После этого комиссар выяснил в Википедии, что Манаус стоит на слиянии рек Рио-Негро и Солимоэнс, как раз в том месте, где эти реки, встречаясь, образуют Амазонку. Огромный город с почти двумя миллионами населения долго жил только за счет экспорта каучука, который добывали в амазонских лесах, но сейчас он вполне современный: оживленное движение, множество предприятий, «Макдоналдсы» и супермаркеты, большой грузовой порт. Лакомый кусочек для туристов.
Выйдя из Википедии, Шарко потер глаза: горят, ну и ладно. Комиссара задело за живое, ему хотелось разобраться до конца, найти что-то, что позволит ему сделать хоть какие-нибудь выводы из своих рассуждений. Скорее всего, сегодня тоже предстоит бессонная ночь.
Он перешел ко второй стопке – той, которой Робийяр еще не успел коснуться. Снова выписки из счетов, суммы, суммы, суммы… Он быстро пробега?л глазами по столбцам цифр – ничего конкретного. Получение денег по вкладу, какие-то расходы… Еще лист, еще… И вдруг – строка, удержавшая его взгляд, привлекшая внимание: для того чтобы снять деньги, Ева Лутц воспользовалась карточкой во французской деревушке под названием Монтемон. Савойя… Она сняла двести евро в субботу 28 августа 2010 года, вечером. Вот, напечатано: в 21.34.
На следующий день после встречи с Грегори Царно.
Полицейский откинулся в кресле, пригладил назад волосы. Стало быть, сразу после Вивонна Ева Лутц метнулась в Альпы. Это больше семисот километров. А что, если студентка за чем-то охотилась? Какой такой ветер гнал ее из городов Латинской Америки к самым высоким горам Европы в то самое время, когда ей было положено, сидя за письменным столом, прилежно изучать правшей и левшей? Почему обычное исследование проблем латерализации привело Еву к необходимости столько путешествовать, а может быть, и к ужасной смерти?
С чего бы это вдруг чисто научная работа заставила ее взять курс на убийц и приблизиться вплотную к подонку Царно? И зачем ей после этого надо было возвращаться в Бразилию?
Царно… Самый ненавистный комиссару человек в мире… В связи с расследованием у него появилась возможность встретиться с ним лицом к лицу. Этого он и хотел. Чтобы разобраться с ним самому, в одиночку.
Шарко сжал челюсти, как бы нечаянно уронил выписку из банковского счета на пол и носком ботинка задвинул листок бумаги под ящик на колесиках.
11
Небо казалось траурным.
Когда автомобиль с лилльским номером добрался до города Вивонна, там шел дождь. Впрочем, этот черный, как стая мух, дождь бил в ветровое стекло «Пежо-206» уже добрые два десятка километров, и казалось, этому нет ни конца ни края.
За время пути Люси остановилась только один раз – чтобы глотнуть на заправке какого-то кислого кофе и сгрызть печенье. Она ехала всю ночь и весь день и думала о материнской исповеди. На самом деле истории с семейным проклятием нагнали-таки на нее страху.

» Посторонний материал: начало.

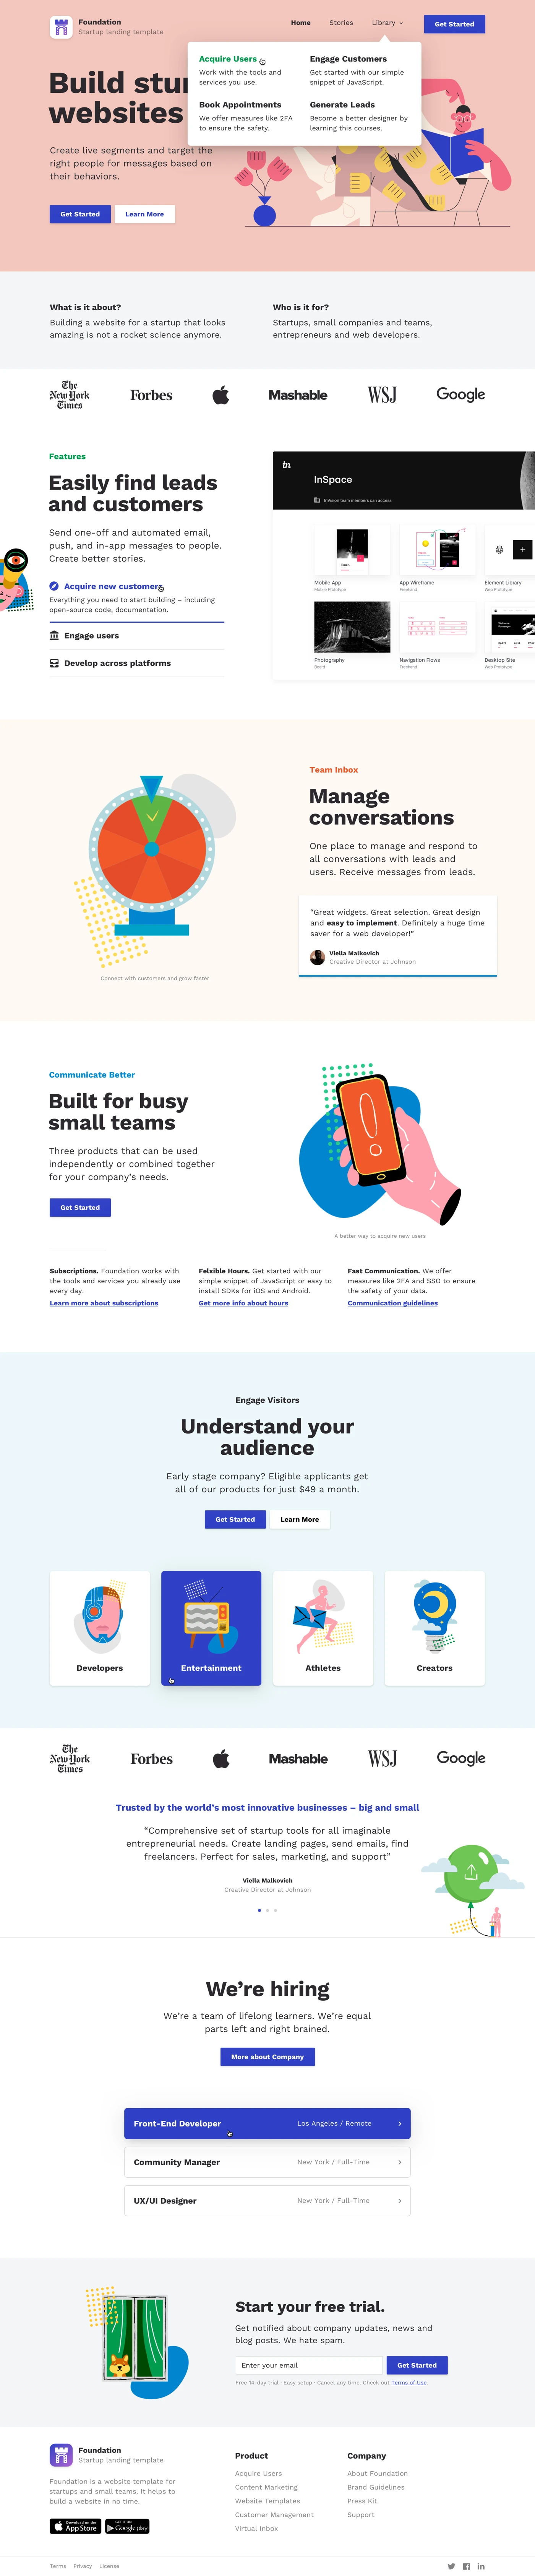 Foundation - Free Landing Page Design - Foundation is a free website design template for Sketch App. It consists of 5 premade pages and many pre-designed blocks. Foundation fits perfect for everyone who wants to design a website for a startup or a landing page. It uses free fonts from Google, free illustrations and icons.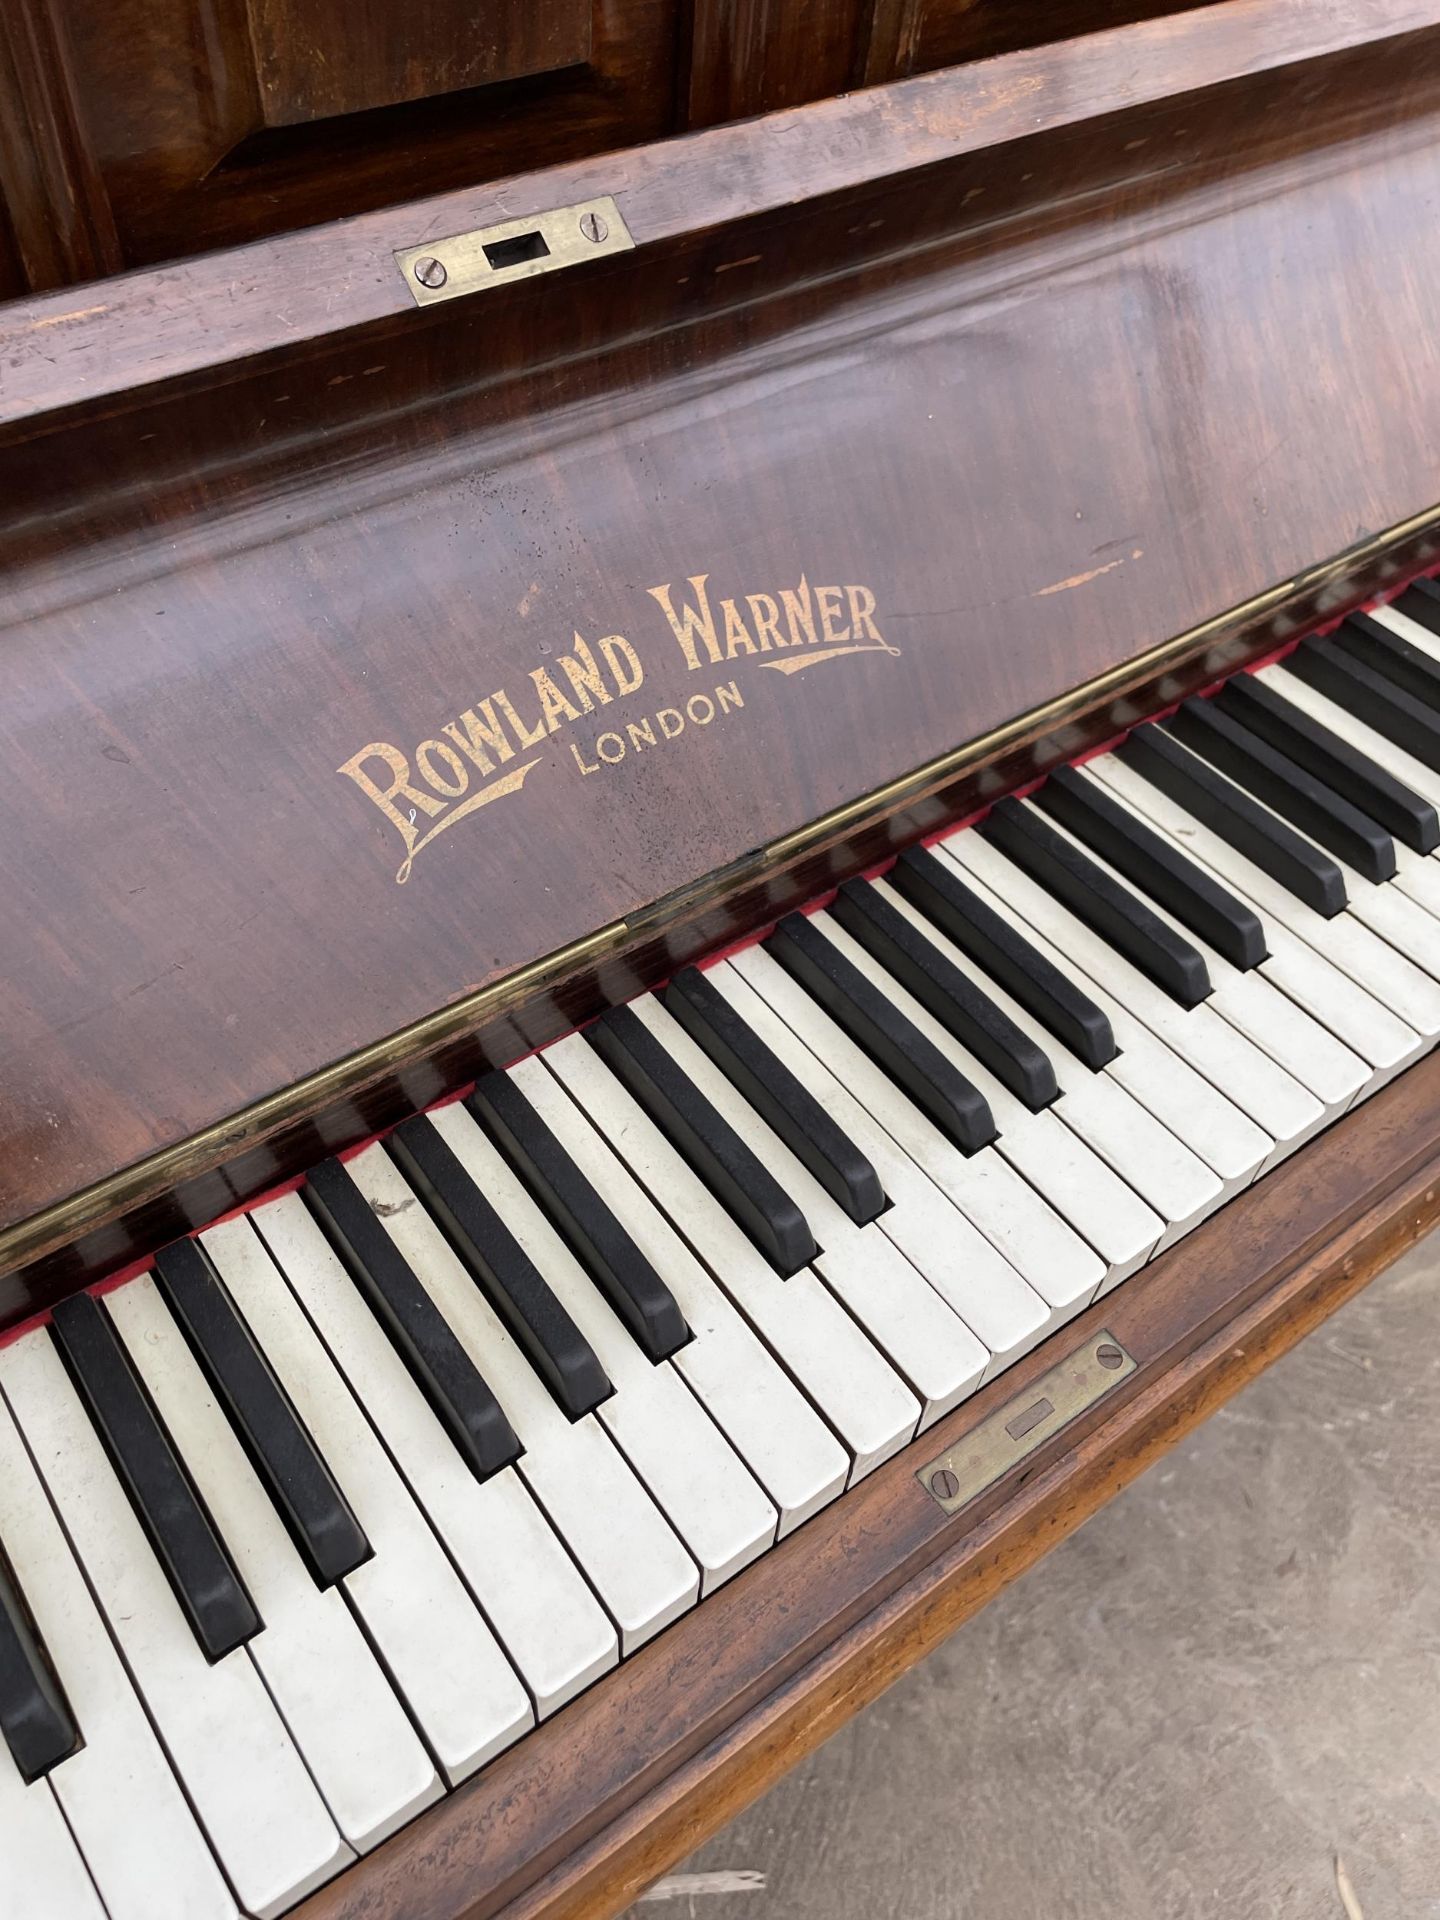 A ROLAND WARNER (LONDON) UPRIGHT PIANO - Image 3 of 4

Она посмотрела на часы. Ровно в четыре пополудни на муниципальном кладбище Рюффиньи, в десяти километрах от Пуатье, зароют в землю эту сволочь. В том самом городе, где Царно прожил большую часть своей жизни простым рабочим. Люси хотела видеть, как гроб скроется в черной яме, ей было необходимо видеть, как похоронят подонка, жизненно необходимо. А если мать этого не понимает, тем хуже для нее.
Раньше Люси нужны были ответы на вопросы. Но случилось то, что случилось, – там, за стенами с колючей проволокой сверху, за стенами гнетуще серого цвета, которые вот прямо сейчас встают перед ней. В сверхсовременной тюрьме, где Грегори Царно приговорил себя к смерти и казнил.
Вивонн.
Майор Кашмарек верен себе, он все предусмотрел, все сделал как нельзя лучше. После того как Люси предъявила в проходной удостоверение и сдала ключи, мобильник и бумажник с документами, охранник показал ей, как пройти в особое крыло здания, где находится тюремная психиатрическая служба, главные цели которой – выявление всяческих отклонений в психике и оперативная медико-психологическая помощь наиболее уязвимым с этой точки зрения заключенным. Надо сказать, что за последние несколько лет тюрьмы Франции превратились в настоящие рассадники душевных болезней.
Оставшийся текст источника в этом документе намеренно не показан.